[Date Prev][Date Next][Thread Prev][Thread Next][Date Index][Thread Index]

Re: [Condor-users] jobs stuck in queue



Em segunda-feira 22 agosto 2011, às 15:16:28, Koller, Garrett escreveu:
> Mr. Cannini,
> 
> Oh, I think I'm beginning to see the problem.  Look at the StartLog and note 
the authentication errors:
> > 08/19/11 17:21:30 PERMISSION DENIED to unauthenticated@unmapped from host
> > 172.17.8.121 for command 442 (REQUEST_CLAIM), access level DAEMON:
> > reason: DAEMON authorization policy contains no matching ALLOW entry for
> > this request; identifiers used
> 
> The "unauthenticated@unmapped" part means that you simply do not have
> authentication configured correctly.  First of all, what forms of
> authentication are you trying to use?  Run 'condor_config_val -v
> SEC_CLIENT_AUTHENTICATION_METHODS' and 'condor_config_val -v
> SEC_DEFAULT_AUTHENTICATION_METHODS' to find out. The typical forms are FS,
> FS_REMOTE, and PASSWORD.  To learn more about how they work, look at
> http://servo.cs.wlu.edu/dokuwiki/doku.php/condor/administration/authentica
> tion .  Look at http://condor.cs.wlu.edu/condor/config/condor_config_global
> for an example Condor configuration that uses authentication (Ctrl-F and
> search for "Authentication").
> 
> Once you have authentication correctly configured, the authentication will
> allow daemons to identify themselves to Condor as "<username>@<hostname>".
>  If Condor runs as the user 'condor' (or as 'root' pretending to be
> 'condor') on the computer 'condor.cs.wlu.edu', for example, then that
> means that you need to add "condor@xxxxxxxxxxxxxxxxx" to the ALLOW_DAEMON
> configuration variable to let the daemons communicate.
> 
> Does this make sense?  If so, does this help?

Hi.

I've completely disabled auth and negotiation on both master and nodes with 
'SEC_DEFAULT_AUTHENTICATION=NEVER' and 'SEC_DEFAULT_NEGOTIATION=NEVER' 
temporarily, and voilá, the "PERMISSION DENIED" messages stopped.

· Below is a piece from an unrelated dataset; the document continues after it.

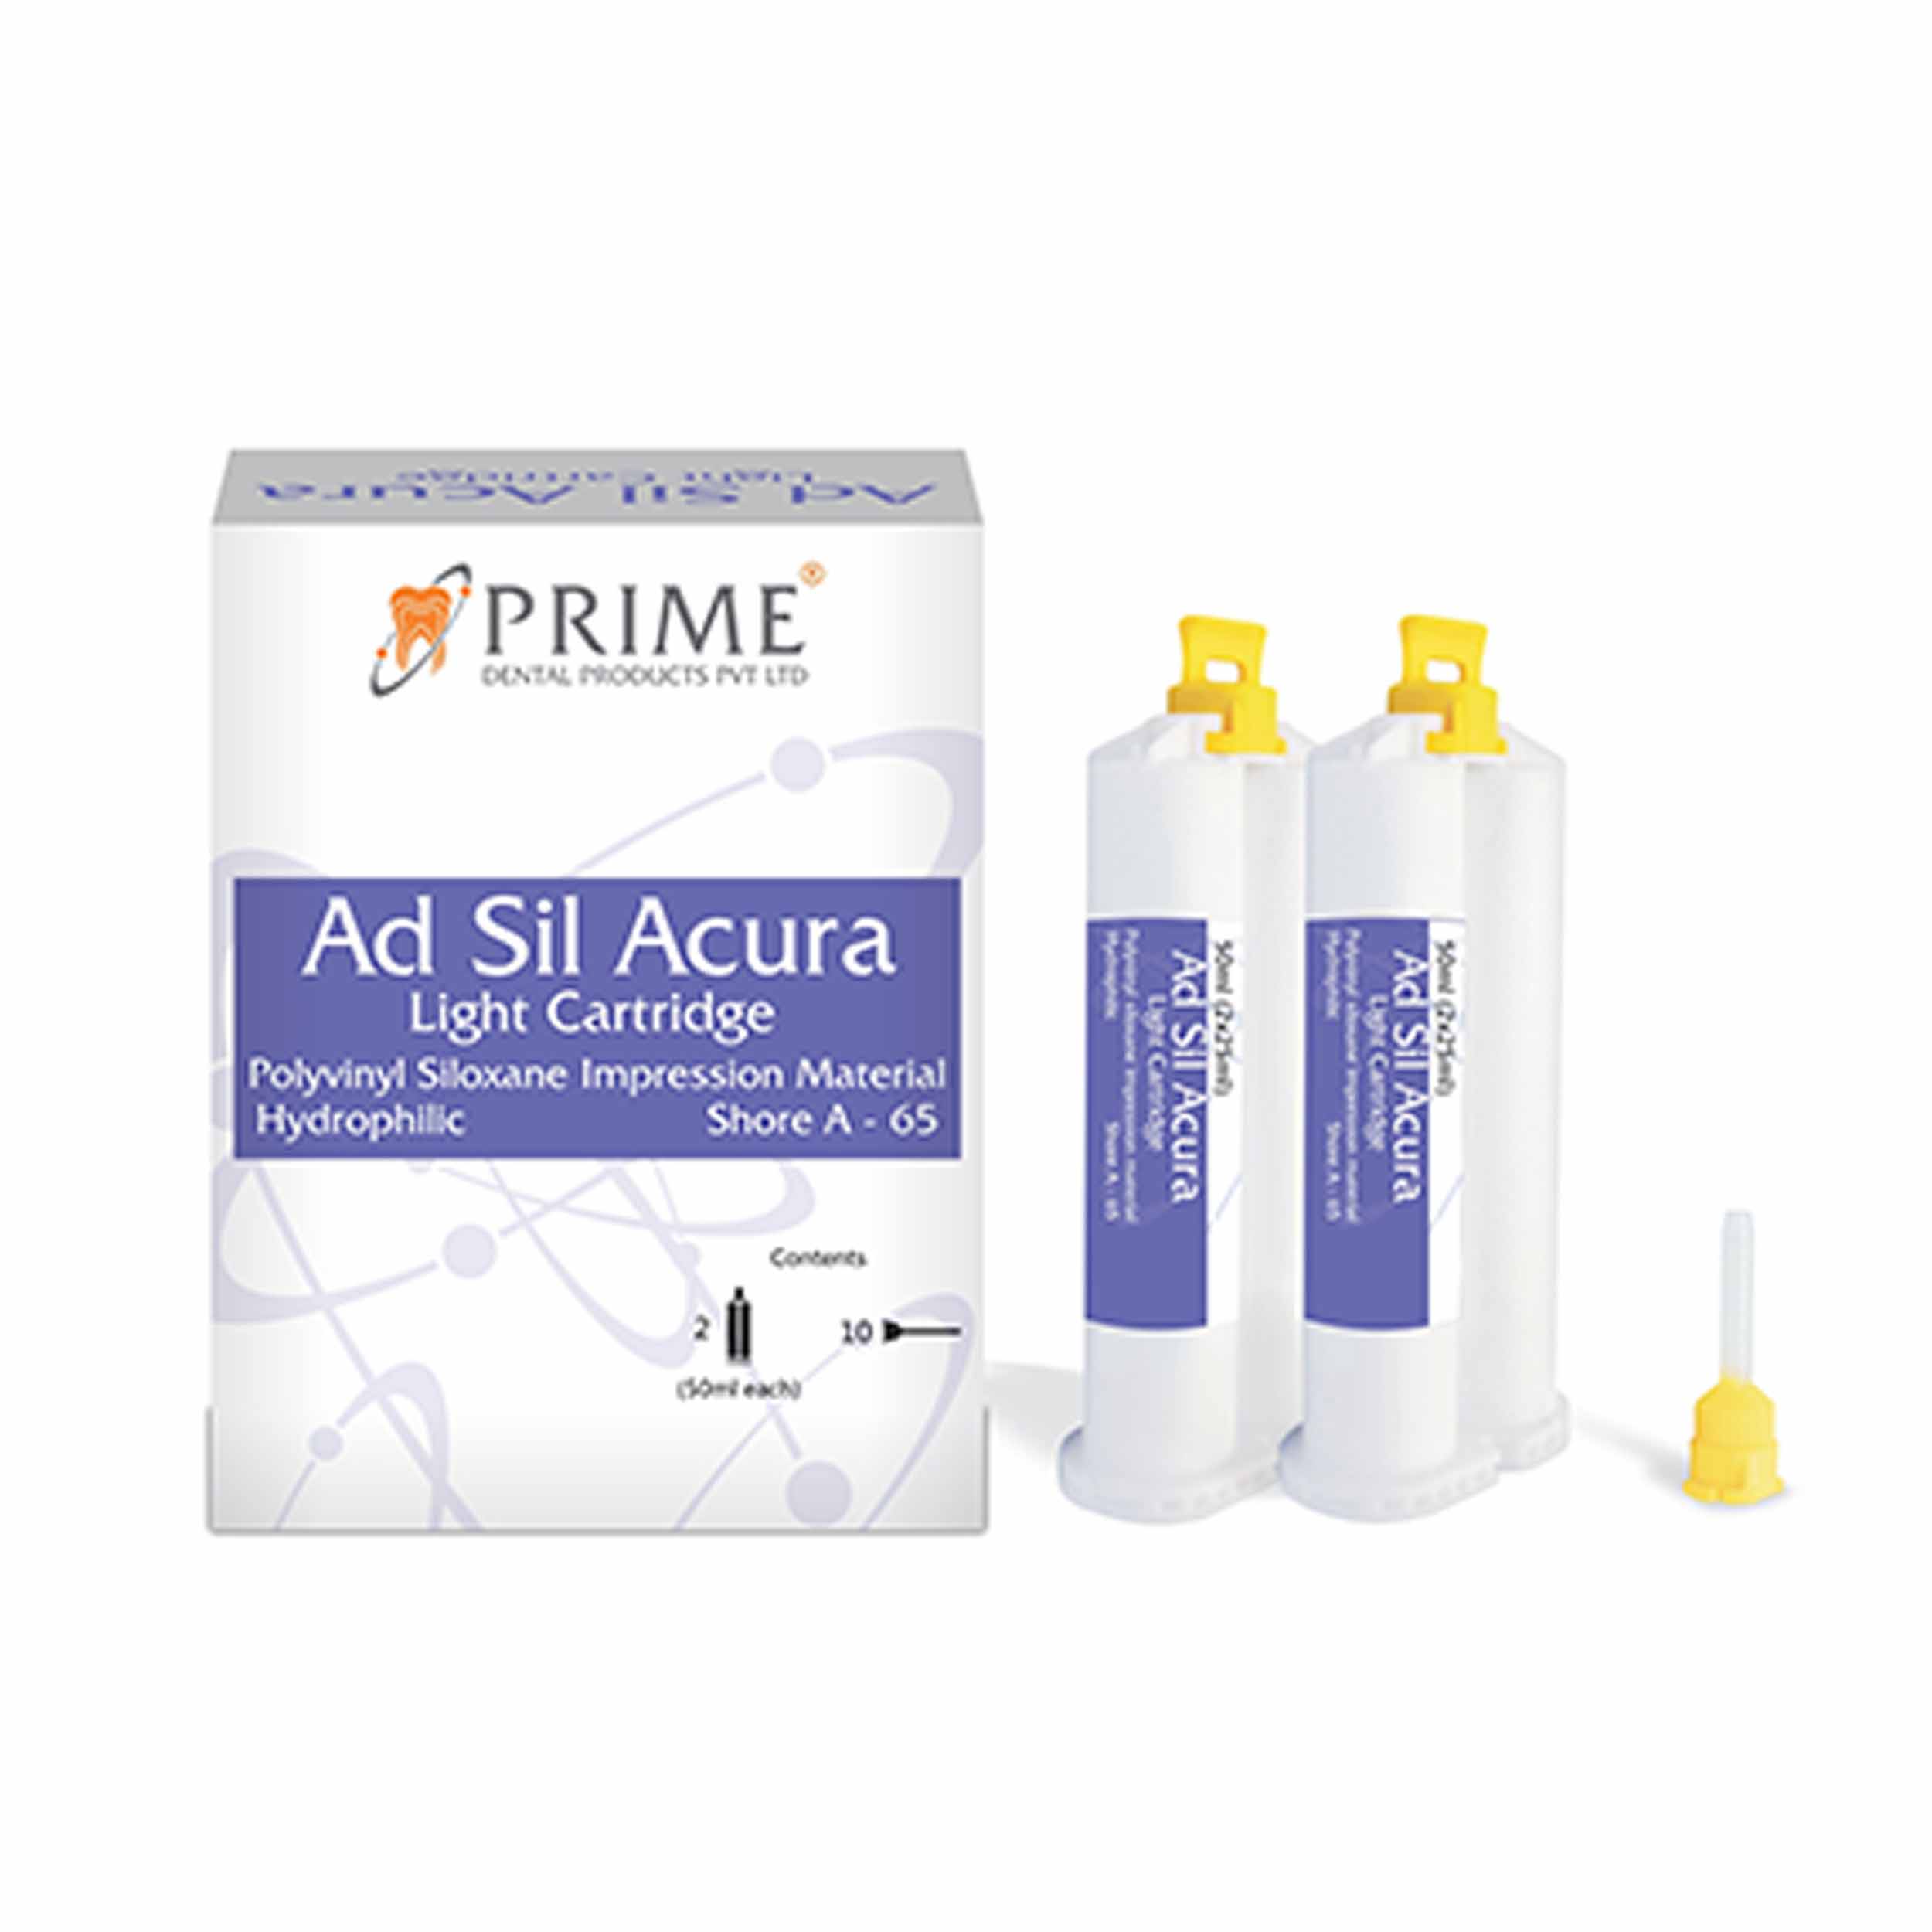 Prime Ad Sil Acura Kit Light Cartridge 2x50ml
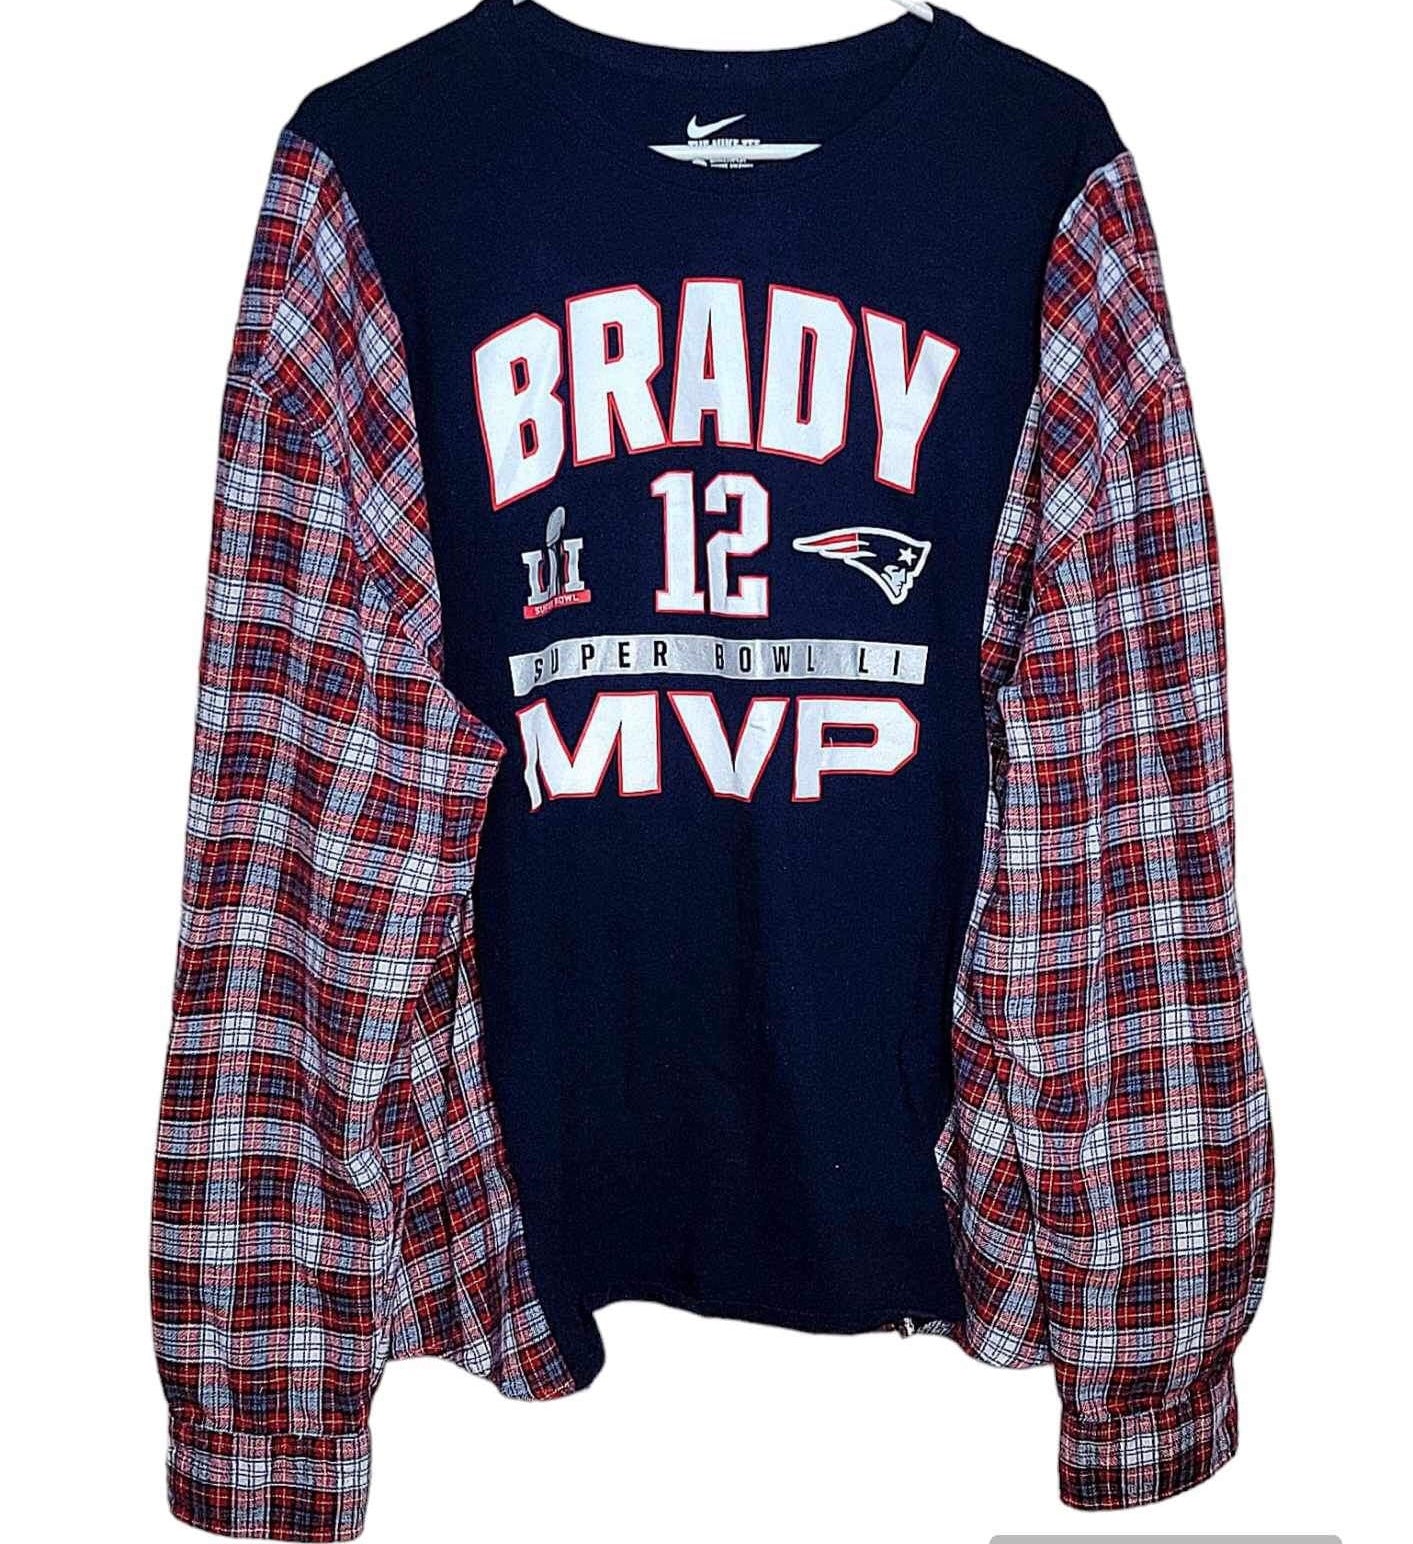 Brady MVP Flannel Rework

Now i've found the following message in master's SchedLog:
===============================
08/23/11 18:35:25 (pid:8028) Inserting new attribute Scheduler into non-active 
cluster cid=41 acid=-1
08/23/11 18:37:45 (pid:8028) Attempting to chown 
'/var/spool/condor/41/0/cluster41.proc0.subproc0' from 1000 to 0.0, but the 
path was unexpectedly owned by 104
===============================

Both master and nodes daemons are configured to run as root:root, so this 
conflict seems strange. 104 is the 'condor' user id, btw.


Also, on node1 StartLog, there is this weird message:
===============================
08/23/11 19:27:15 WARNING: /var/lib/condor/execute root-squashed or not 
condor-owned: requiring world-writability
===============================

But '/var/lib/condor/execute/' permissions are 'condor:condor drwx-rwx-rwt' .
Weird, huh ?

And still, any job that i submit using "universe = parallel' keeps getting 
stuck in the queue.

TIA